Scikit-learn compatible implementation of k-LLMmeans for text clustering with summary-based centroids.

This package adapts the original research code into an estimator API you can use with familiar fit, predict, and fit_predict workflows.

What This Package Provides

  • kLLMmeans estimator implementing BaseEstimator + ClusterMixin
  • scikit-learn style methods:
    • fit(X)
    • predict(X)
    • fit_predict(X)
  • configurable document embedding function (embedding_fn)
  • configurable cluster summarization function (summarizer_fn) or DSPy-backed LLM summarization
  • optional precomputed embedding support for faster iterative experimentation

Installation

pip install k-llmmeans

Or from source:

pip install -e .

Quick Start

import dspy
from k_llmmeans import kLLMmeans

# Option 1: pass an LM directly to the estimator
lm = dspy.LM("openai/gpt-5-mini")

docs = [
    "How to optimize SQL queries for large tables?",
    "What is the best way to tune a random forest model?",
    "PostgreSQL index strategy for analytics workloads",
    "Cross-validation tips for imbalanced classification",
]

model = kLLMmeans(
    n_clusters=2,
    llm=lm,
    max_llm_iter=5,
    random_state=0,
)

labels = model.fit_predict(docs)
print(labels)
print(model.summaries_)  # human-readable cluster summaries

Using Custom Embeddings and Summarization

You can fully control both the embedding and summarization steps:

from sentence_transformers import SentenceTransformer
from k_llmmeans import kLLMmeans

encoder = SentenceTransformer("all-MiniLM-L6-v2")

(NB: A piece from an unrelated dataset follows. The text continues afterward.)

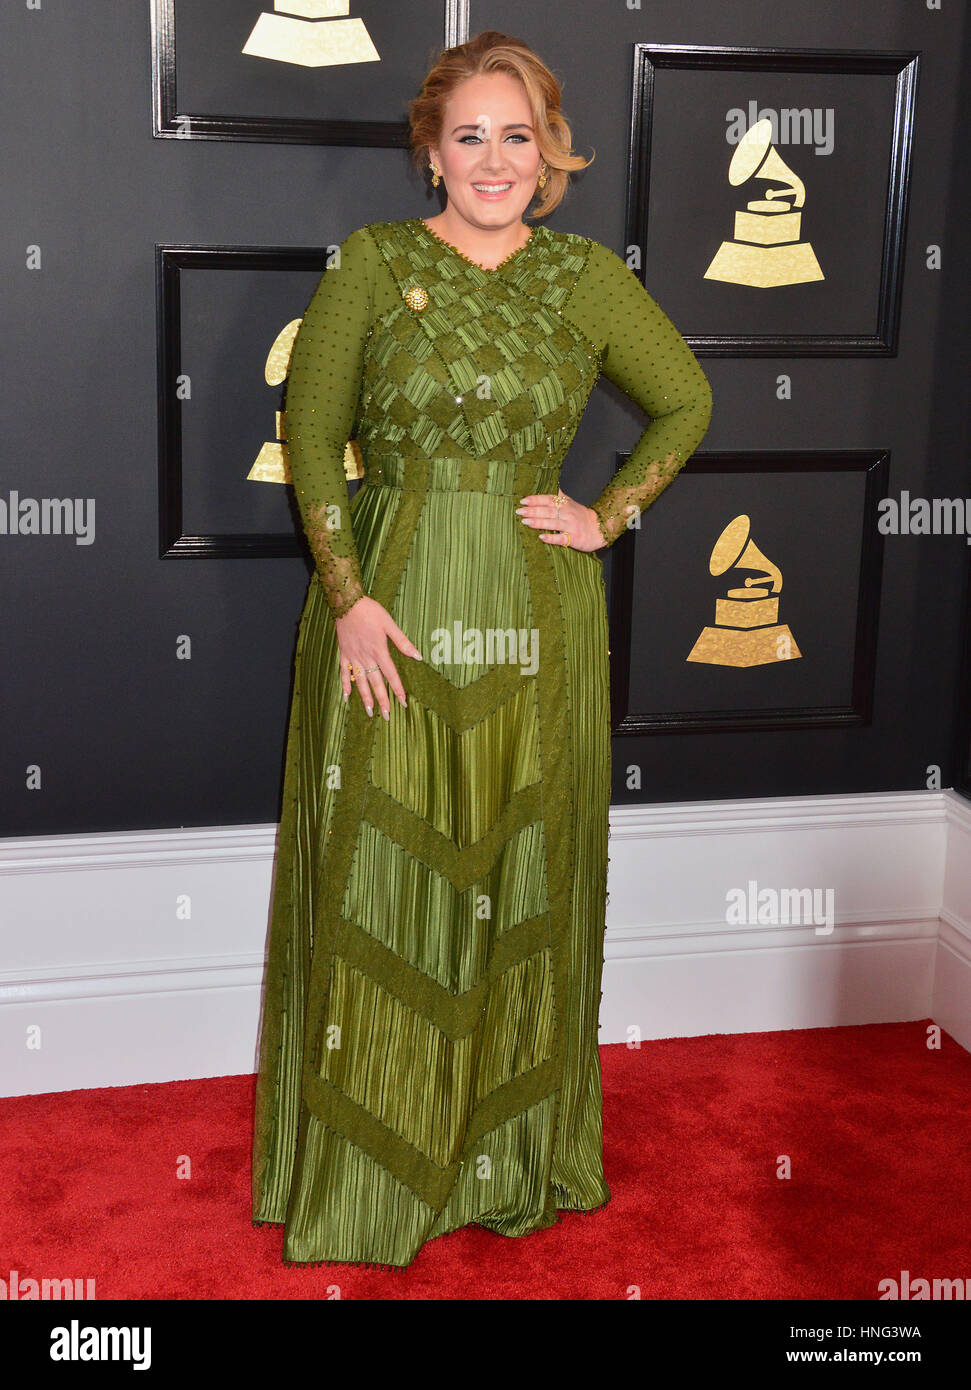 Adele 076 arrivando a 59th Annual Grammy Awards 2017 a Staples Center di Los Angeles. Febbraio 12, 2017. Foto Stock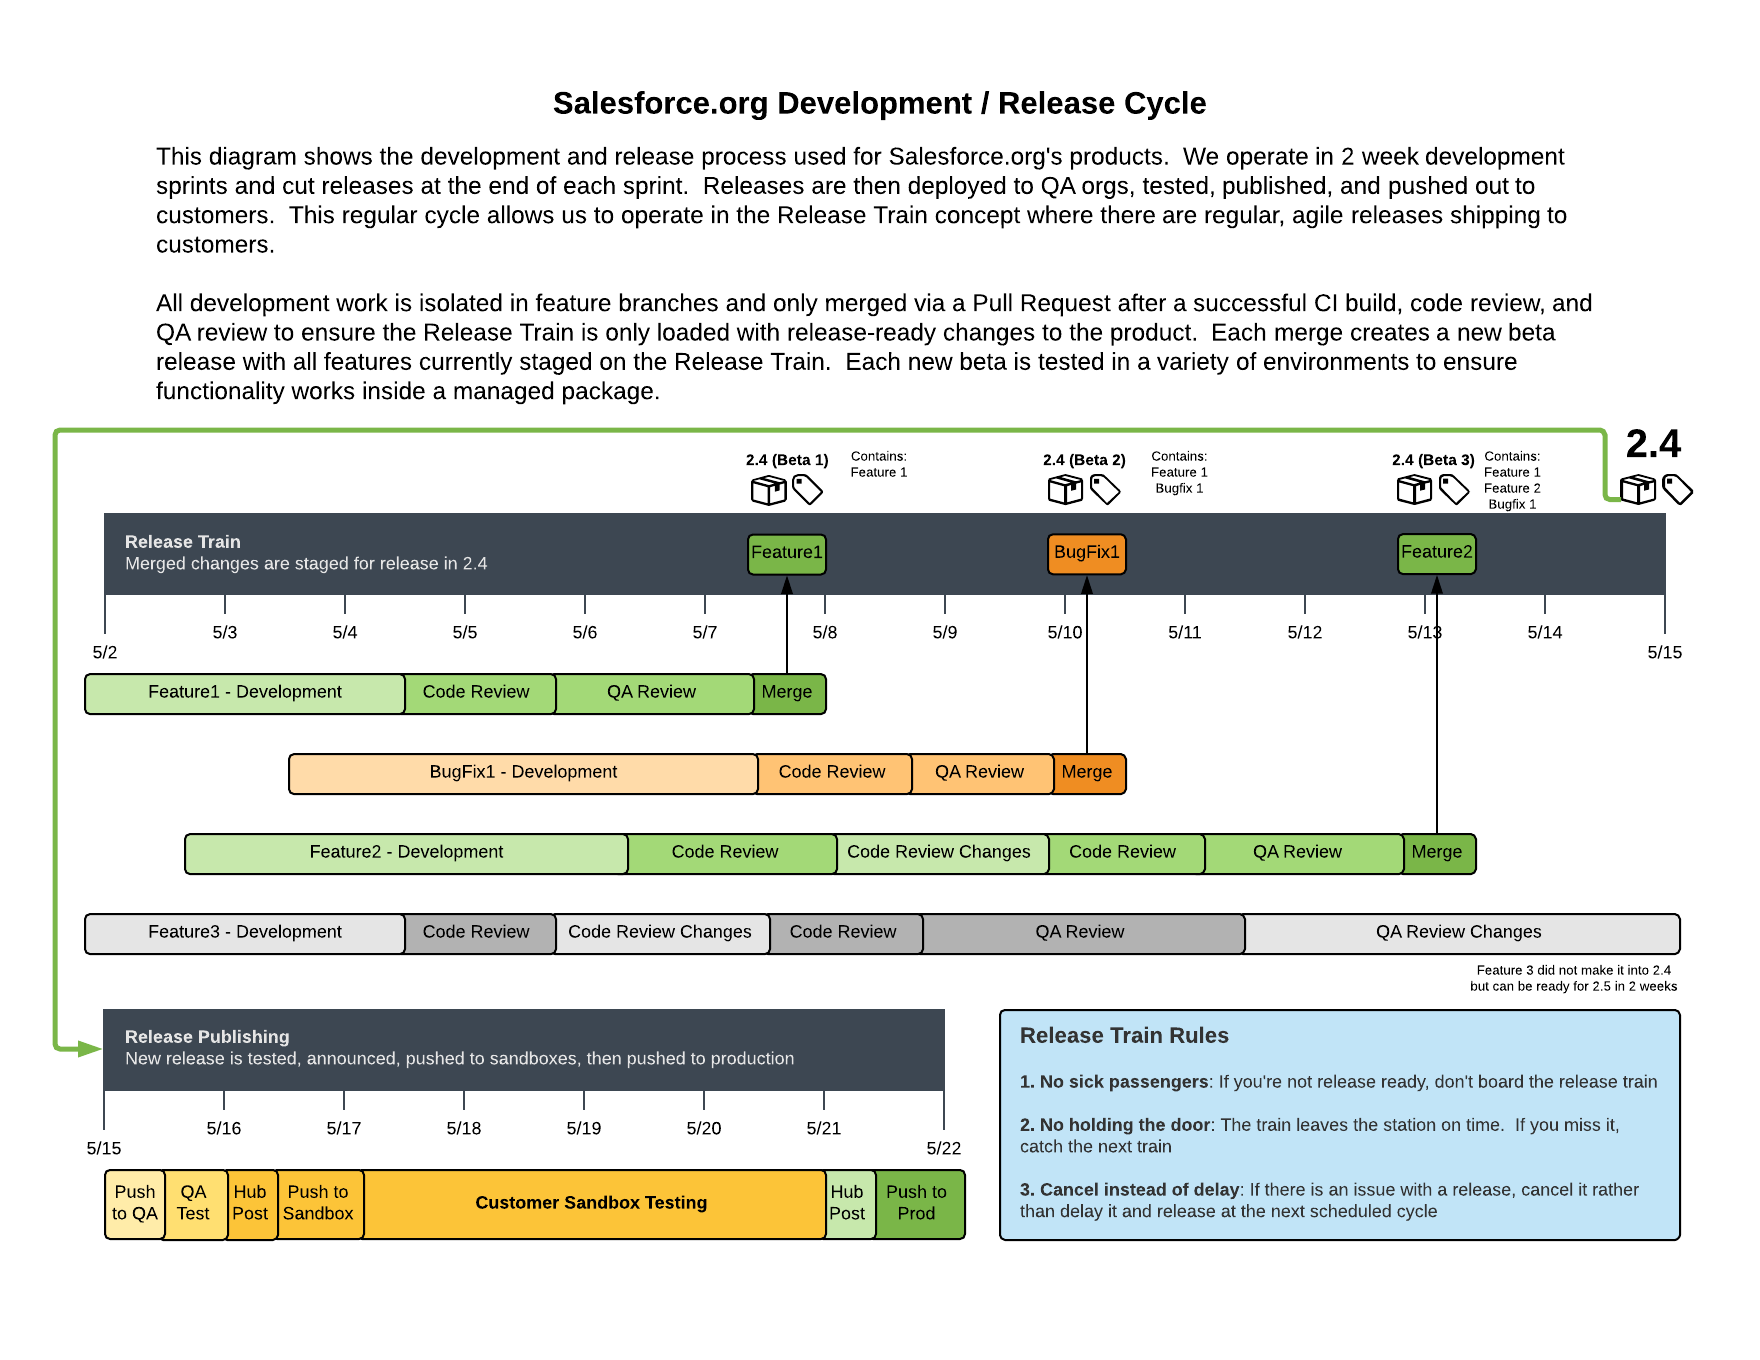 Salesforce.org Dev/Release Process Diagram

def embedding_fn(texts: list[str]):
    return encoder.encode(texts)

def summarizer_fn(cluster_texts: list[str]) -> str:
    # Replace with your own deterministic or LLM summarizer
    return " | ".join(cluster_texts[:2])

model = kLLMmeans(
    n_clusters=3,
    embedding_fn=embedding_fn,
    summarizer_fn=summarizer_fn,
)

model.fit(["text a", "text b", "text c", "text d"])

API Notes

  • Input X should be list[str].
  • The estimator stores standard fitted attributes such as:
    • labels_
    • cluster_centers_
    • n_iter_
  • Additional clustering interpretability attributes:
    • summaries_
    • summary_embeddings_
    • summaries_evolution_
    • centroids_evolution_

Citation

If you use this package in research or production work, please cite the original paper:

@article{diazrodriguez2025summaries,
  title={Summaries as Centroids for Interpretable and Scalable Text Clustering},
  author={Diaz-Rodriguez, Jairo},
  journal={arXiv preprint arXiv:2502.09667},
  year={2025}
}

Paper URL: https://arxiv.org/abs/2502.09667

Acknowledgment

This package is a scikit-learn compatible adaptation of the original project: https://github.com/jairoadiazr/k-LLMmeans

Project details


Download files

Download the file for your platform. If you're not sure which to choose, learn more about installing packages.

Source Distribution

k_llmmeans-0.1.1.tar.gz (6.9 kB view details)

Uploaded Source

Built Distribution

If you're not sure about the file name format, learn more about wheel file names.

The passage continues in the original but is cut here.